Damit stößt sie nicht auf Zustimmung des Ehemannes, ein derber Kerl, der wie die meisten Menschen der Gegend mit allen gängigen Vorurteilen aufgewachsen ist: Die Juden haben Jesus Christus getötet und seien ohne Herzen. Wie er, der grobe Klotz, sich doch für das Mädchen erwärmt, das Glück aber nur von kurzer Dauer ist, die Frau dann mit dem Baby fliehen muss, bildet den Kern des Films, ist aber doch nur eine Präambel für eine erschütternde, von Alexandre Desplats einfühlsamer und nun in Molltöne verfallender Musik begleitet, den Weg zu den Eltern des Kindes findet, wie der Vater es in seiner Verzweiflung aufgibt und schließlich im Konzentrationslager dem nackten Horror begegnet, hier festgehalten mit einer Abfolge von Tableaus mit von Schmerz verzerrten Gesichtern, die Hölle auf Erden. 

Aber der Film endet nicht damit, ihm ist nach Versöhnung in seiner Erzählung für Erwachsene.
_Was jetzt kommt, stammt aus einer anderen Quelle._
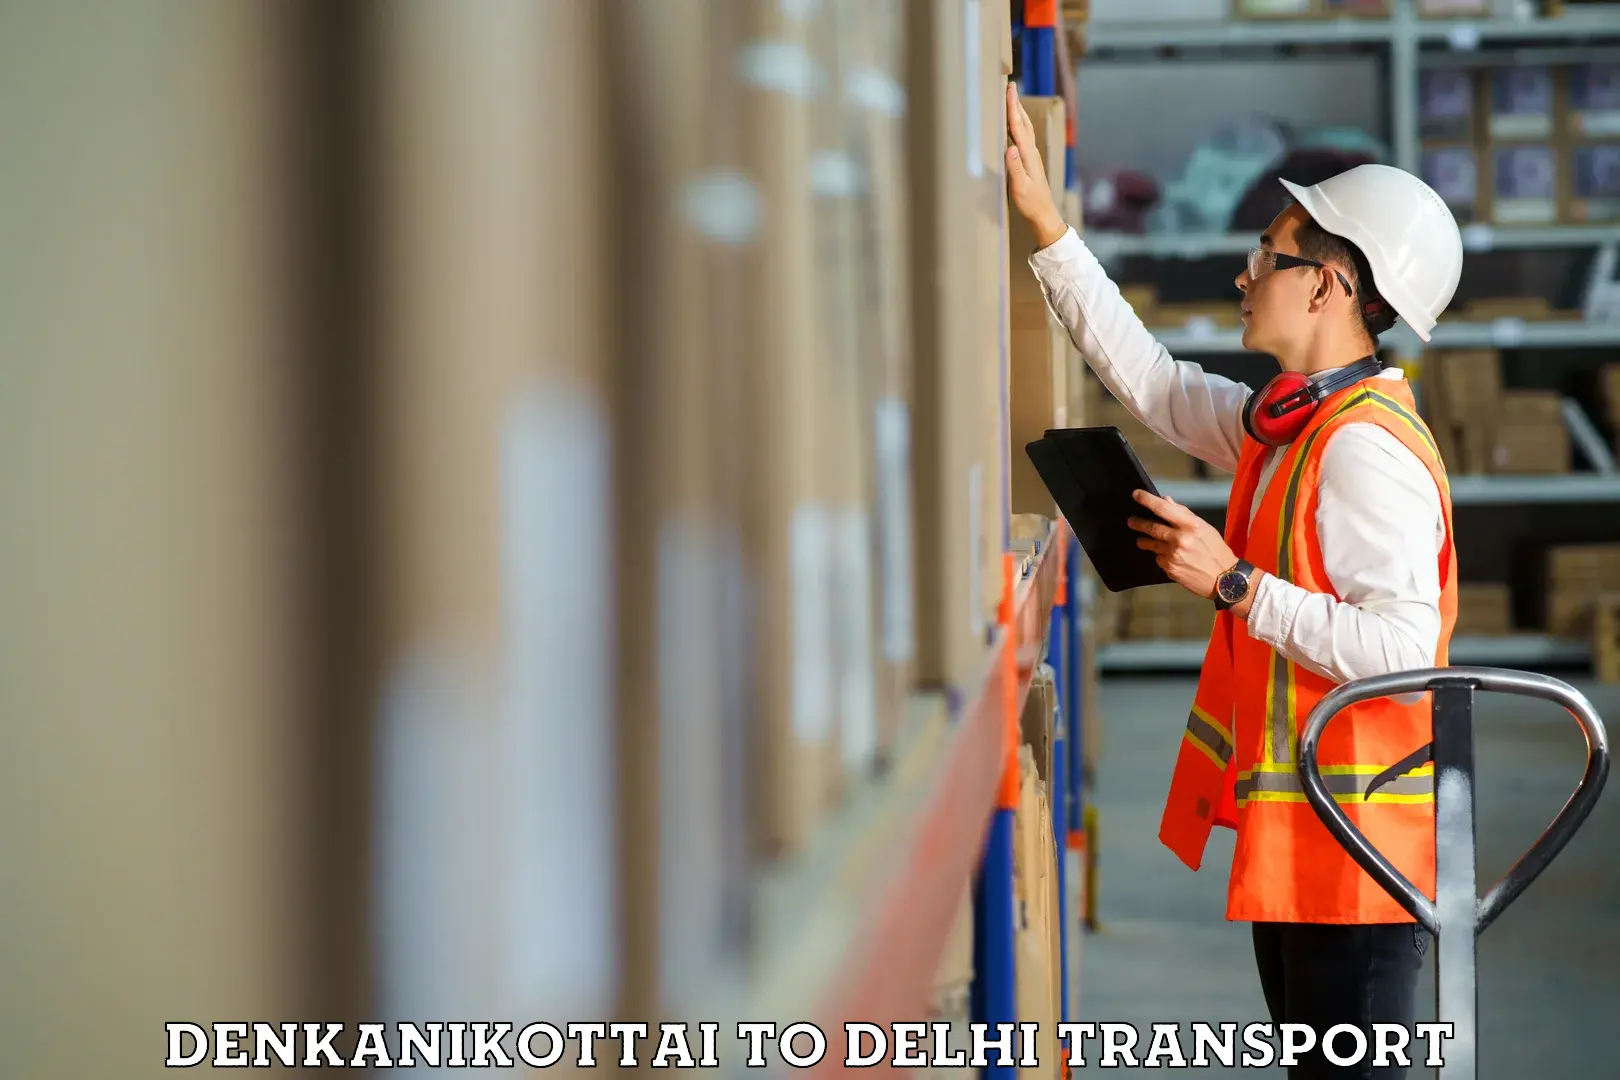 Express transport services Denkanikottai to NIT Delhi

Auch wenn nicht verraten werden soll, was es denn nun ist, dieses kostbarste aller Güter, kann man es sich mit ein bisschen Fantasie doch auch ausmalen. Wenn es dann aber am Ende des Films ganz direkt angesprochen wird, fühlt man sich eigenartig bewegt, von dieser kleinen Fabel, dieser schönen Geschichte und ihrer anspruchsvollen filmischen Umsetzung. Der Rest, so sind die letzten Worte, ist Schweigen. So soll es sein.